O drama de pensar em termos de urgência

ensaio de Severino Ngoenha & José Castiano
Vivemos em Moçambique um tempo singular: um tempo em que o -suposto- silêncio dos filósofos, dos académicos, dos intelectuais (Jessemusse Cacinda), se tornou ruidoso. Pela primeira vez desde a independência, o povo -este sujeito coletivo tantas vezes abstrato- interroga diretamente os seus pensadores: “onde estais?” Não se trata de uma cobrança qualquer. Trata-se de um apelo filosófico profundo. E só por isso, este debate é já um acontecimento.
A filosofia nasceu na praça. A praça pública foi o seu primeiro lar e continua a ser, no mais íntimo, o seu verdadeiro habitat. Hoje, quando em Moçambique se exige a palavra dos filósofos, quando se acusa os intelectuais de silêncio, de cobardia ou de ausência, talvez estejamos a reencontrar, pela primeira vez em décadas, o rastro da praça na nossa vida intelectual. Este simples fato – o povo interpelar os filósofos – é, em si mesmo, um sinal de vitalidade democrática. Mas é também um sintoma de um mal entendido: afinal, quem é o filósofo? O que é um intelectual? E o que pode, verdadeiramente, a filosofia?
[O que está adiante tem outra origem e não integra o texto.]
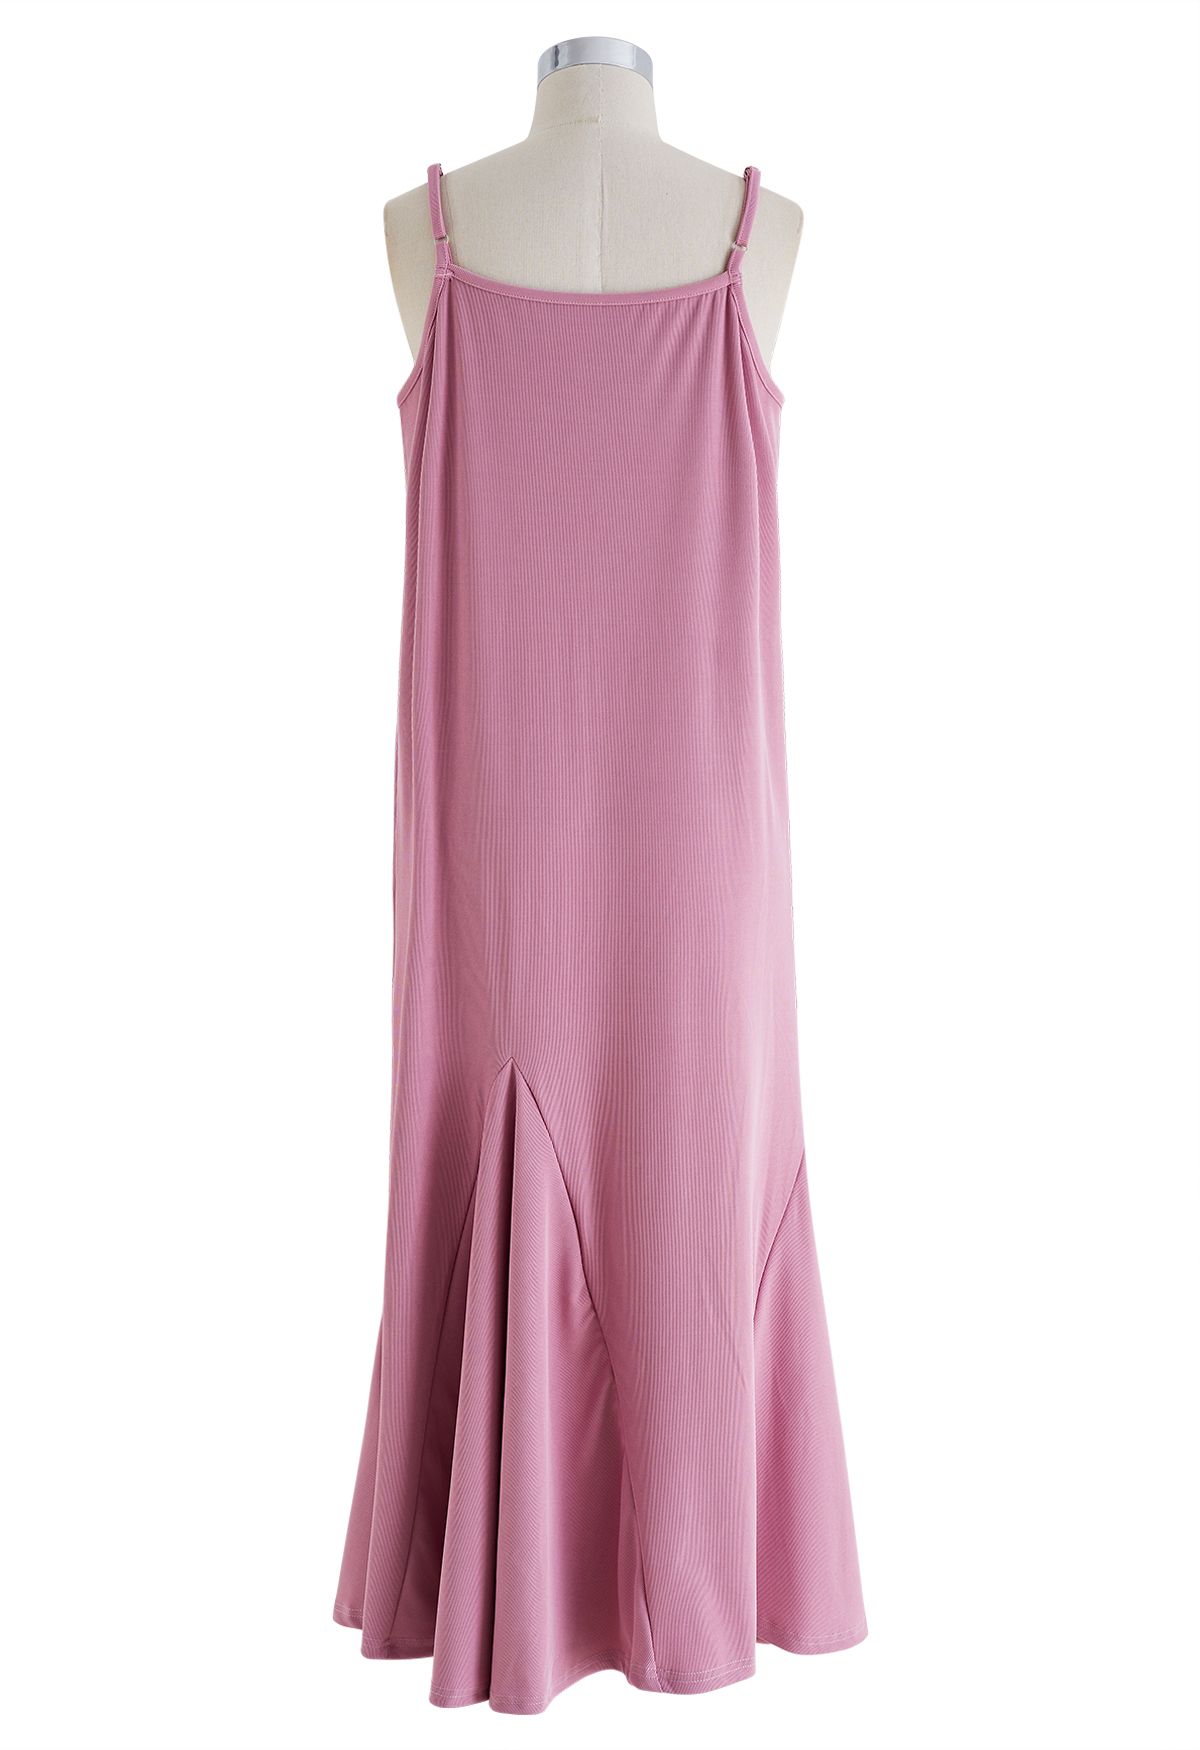 Einfarbiges Cami-Kleid mit Rüschensaum in Pink

Desde o caso Dreyfus em França, a figura do intelectual passou a ser associada ao engajamento moral e político. Mas nem todo académico é intelectual, nem todo intelectual é filósofo. Os médicos, engenheiros, biólogos e arqueólogos são académicos respeitáveis, mas não são chamados, em geral, a ocupar a ágora da opinião pública. Já os filósofos, sociólogos, juristas e pensadores políticos pertencem a um outro regime de visibilidade e responsabilidade: o da palavra pública. O filósofo, desde Sócrates, é aquele que toma a palavra em público, como recordava Kant ao definir o Iluminismo. A sua missão não é apenas interpretar, mas tornar visível o que é invisível, pensar o tempo em que vive.
Esta função de dizer em nome do pensar, de interpretar o tempo é o que constitui o próprio ato filosófico. Hegel dirá que a filosofia é o seu tempo apreendido por conceitos. Marx acrescentará que o objetivo não é só interpretar o mundo, mas transformá-lo. Todavia, interpretar o mundo é uma forma de ação. Como defendeu Maurice Blondel na sua obra, Pensée et action, há uma continuidade entre pensar e agir. Toda ação começa por uma ideia, por uma palavra, por um gesto simbólico. O próprio ato de compreender, nomear, criticar, esclarecer ou desconstruir uma realidade é uma forma de intervenção sobre ela.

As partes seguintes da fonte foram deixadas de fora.